Even so, it has not always been easy. There has been an undercurrent of worry. Might the EU, when push came to shove, tell the Irish to pipe down and count their blessings while the big people moved on to talk about more important things? That dog has not barked and that is quite an achievement for Ireland.
As I say, however, Ireland’s efforts have been helped by the British government’s own declarations and if those were incompatible – leaving everything while avoiding a new kind of border in Ireland – then that was London’s problem more than it was Dublin’s. You broke it, you fix it.
The Irish gamble – and it is still a gamble – is that London will eventually accept the backstop if only because the consequences of a no-deal Brexit will soon be considered intolerable. That, it seems, is also the direction in which the UK government is heading.
You publicise preparations for no deal precisely because you want to avoid no deal and this is a means by which heads may, at long last, be banged together and minds concentrated.

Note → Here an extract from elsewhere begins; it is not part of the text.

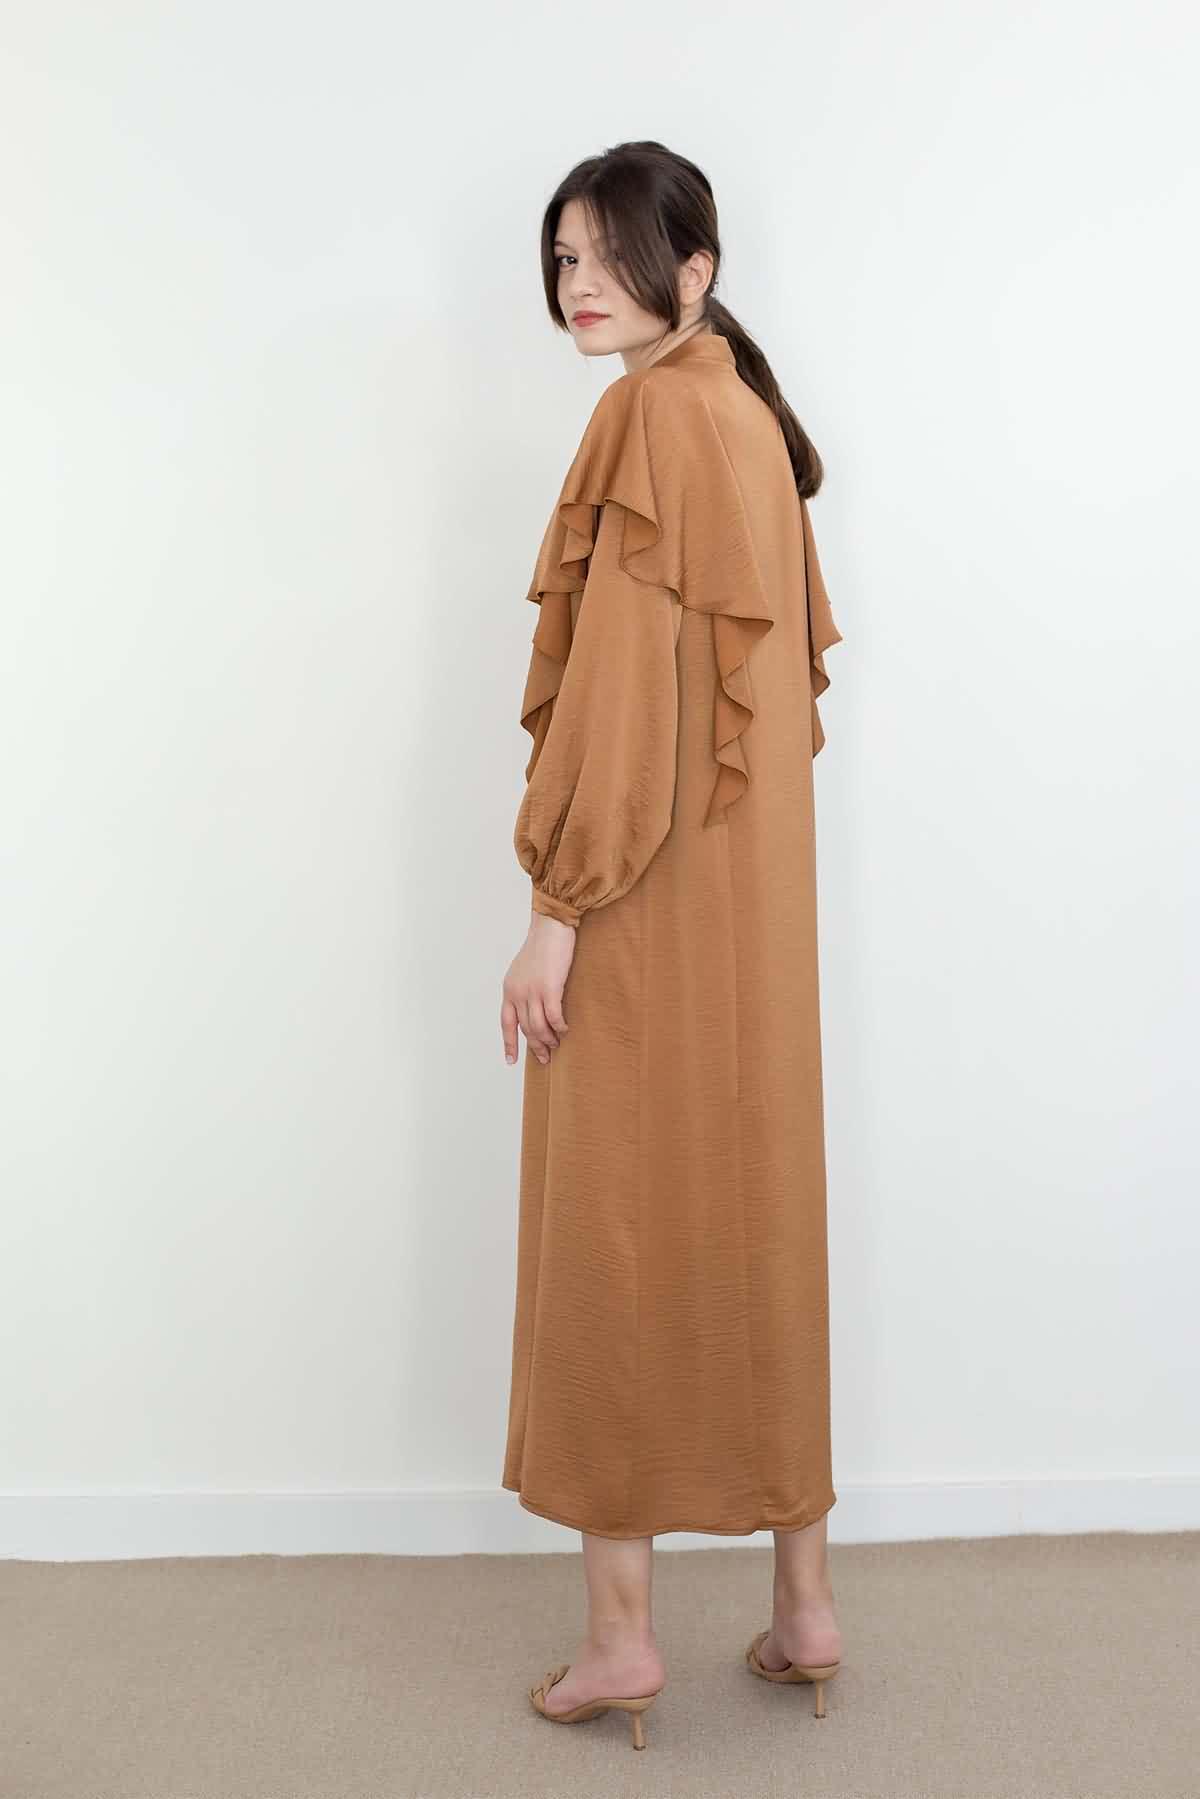 Mevra - Volanlı Elbise Toffee

In an interdependent age, there is no such thing as a ‘clean Brexit’.
This, plainly, is a risk for Dublin too but I am not so sure it is really deplorable for Ireland to advance its interpretation of the national interest. Sovereignty for me must mean sovereignty for thee. Those are the terms and conditions. Again, for the slow learners, Ireland is own country, possesses own interest. It is a small country, right enough, but not so very far away it’s unreasonable to expect anyone to know anything about it.